South Africa’s radical land reforms – and  lessons for the British electorate

On 15th February Cyril Ramaphosa became the 5th President of South Africa since the fall of Apartheid in 1994. His ascent to the top job was a fait accompli after he was elected President of the African National Congress (ANC) in December 2017. He replaced the corrupt, incompetent and much scandal-ridden Jacob Zuma, who had overseen an economic crisis rooted in corruption, political incompetence and uncertainty, disastrous policies and state capture in collaboration with the Gupta brothers. Growth is anaemic, unemployment is rampant, poverty is widespread and the currency has collapsed amidst extreme volatility. This is a politically manufactured economic crisis. The hope is that the seemingly more moderate, business friendly Ramaphosa will be able to turn things around. He will face the electorate in 2019 in a general election. But given ANC’s dominance, he is likely to remain in office.

Politically, the new President is of the left. He started out as an activist and union leader before moving into party politics, and was elected Secretary general of the ANC in 1991 – but lost out to Thabo Mbeki in the race to replace Nelson Mandela in 1997. He then embarked on a successful career in business which made him one of South Africa’s richest men, with a fortune estimated at ZAR 6.4bn. He hangs out with the elite and patronizes the country’s top members clubs. He is no ordinary socialist. But he has remained an ANC member and re-committed to full-time politics as Deputy President in 2014. As a presidential candidate, Ramaphosa spoke of wooing business back to South Africa and the Rand rallied strongly on his election. But can a leopard change its spots? If anything can open the eyes of a socialist, it’s a taste of success and exposure to the virtues of capitalism.

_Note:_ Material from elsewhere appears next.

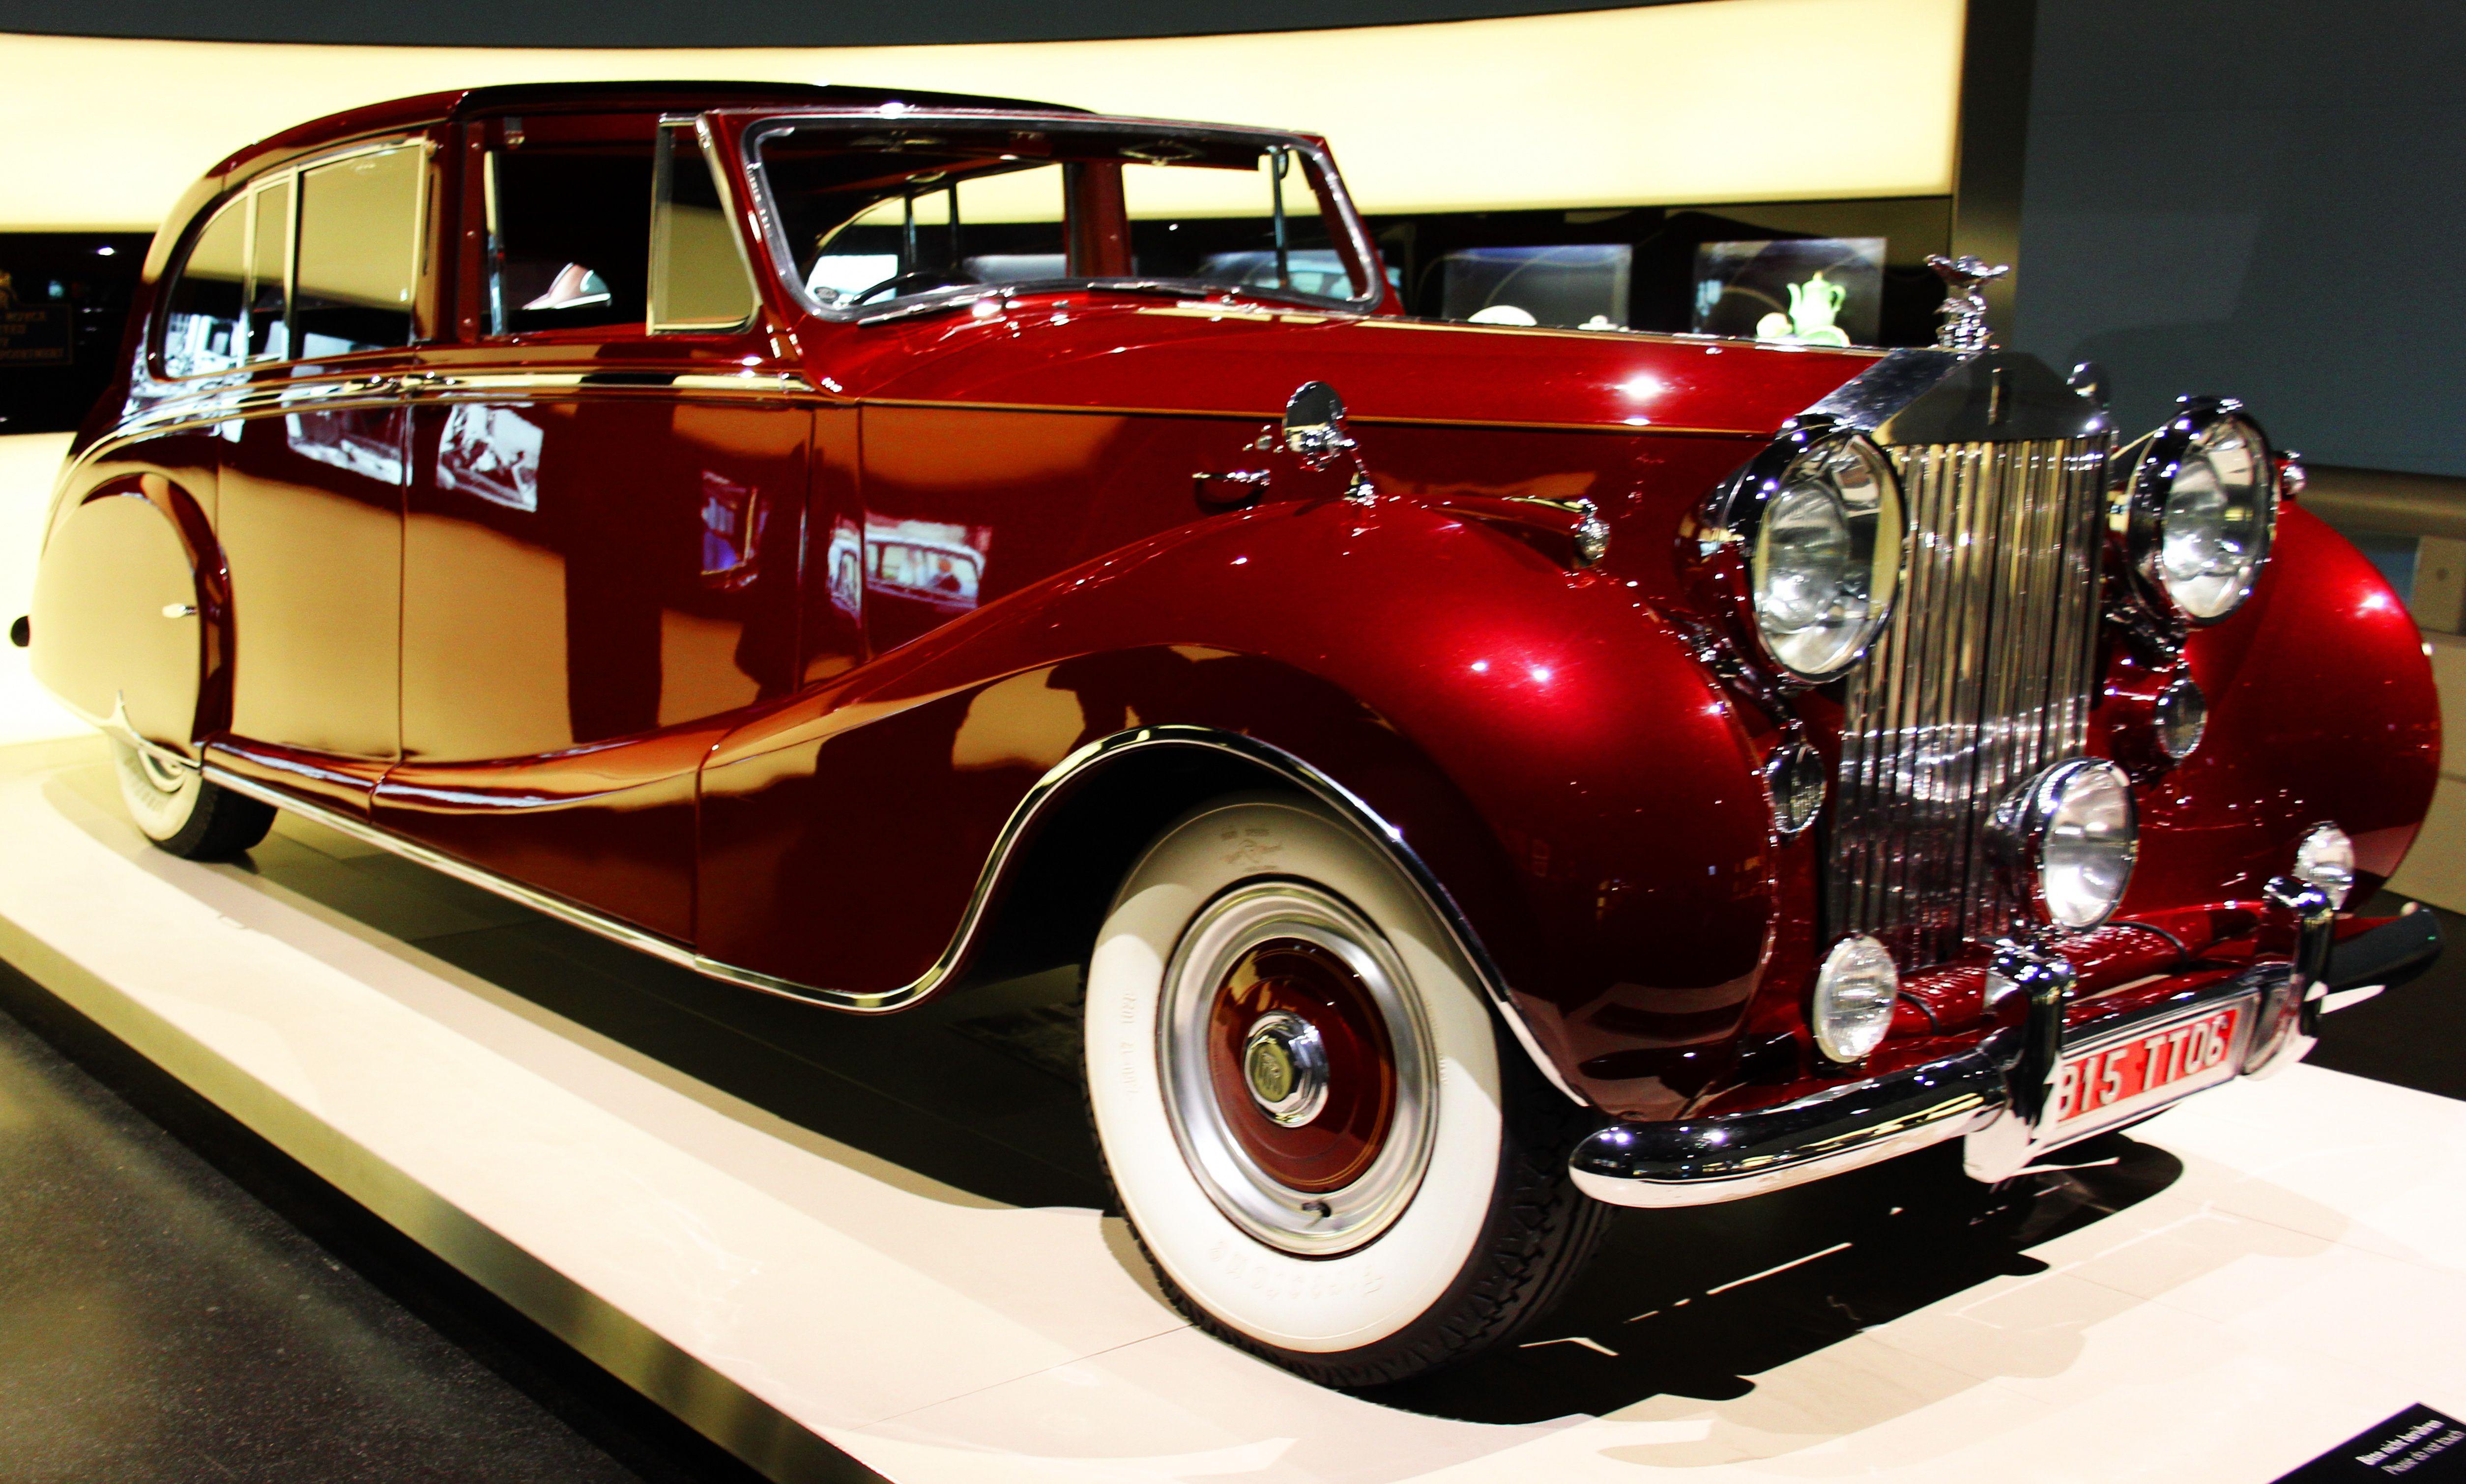 Luxury Vehicle Wikipedia The Free Encyclopedia 1950 Rolls Royce Rolls Royce Phantom Rolls Royce Rolls Royce Models

According to Professor Anthony Butler of the University of Cape Town, who has written a biography on Ramaphosa, business people who know him hope that President Ramaphosa will disappoint his left-wing friends with a non-ideological, pragmatic approach – the antithesis of the Zuma years – but old friends describe him as a committed socialist who would likely move left should he ascend to the presidency. He now has. Who will be proven right?

The ANC’s left-wing legacy is set to continue (party members still call each other comrade). Policy suggestions include traditional socialist initiatives such as a minimum wage, paid internships and a socialized National Health Insurance programme. For business, he has more standard statist fare: a Buy Local programme, a Digital Industrial Revolution Commission and direct state investment in startups!

But one policy has attracted most of the attention: in a break with recent tradition for market led land reforms, Ramaphosa has decided to adopt a policy from the Marxist radical Julius Malema, head of the Economic Freedom Fighters (EFF) party, who proposed an amendment to the constitution allowing the state to seize land from white farmers (who control 73% of arable land) without compensation. Ramaphosa enthusiastically embraced the idea. On 20th February, he told supporters: ‘The expropriation of land without compensation is envisaged as one of the measures that we will use to accelerate redistribution of land to black South Africans.’ The amendment was passed a few days later by 241 votes to 83.

Business organisations are already warning against investing in South Africa. But according to Ramaphosa there is no need to panic: ‘Farming activities must continue as normal and investment in land and farming must continue.’ Of course, violence, including murder, against the country’s white farming community is nothing new. Dozens of white farmers are killed every year, and an endorsement of theft of their land is hardly going to tame tempers.

A similar policy has of course been tried before, in neighbouring Zimbabwe, where Robert Mugabe implemented land redistribution policies around the turn of the century. Within a few years, the former ‘bread basket of southern Africa’ suffered plummeting food production and was soon an economic basket case with hyperinflation, mass unemployment and widespread poverty (in 2017 the Borgen Project estimated that 72% of the population lives in chronic poverty). This is a natural consequence of such a mad policy: the sanctity of property rights is a cornerstone of a functioning market economy. Ramaphosa is off to a calamitous start; his new policy will prove to be extremely damaging for the already faltering South African economy.

In Britain, there are lessons for an electorate who is hungry for change and has proven susceptible to left-wing populism. Firsts and foremost, it is essential to understand the repercussions for economic prosperity of group thinking, the undermining of meritocracy, demonization of success, the erosion of property rights and hostility to wealth creation. This is something the hard left has always failed to appreciate. But equally important, the British electorate should pay attention to the behaviour once in office of seemingly moderate candidates. Once in power they are likely to show their true face, and Jeremy Corbyn and his zealots have radical and dangerous credentials. The early signs are that Ramaphosa will be a divisive president with a penchant for radical policies, despite his claim to be a moderate. South Africa will suffer the consequences of this deceit. Britain is on the way to making the same mistake.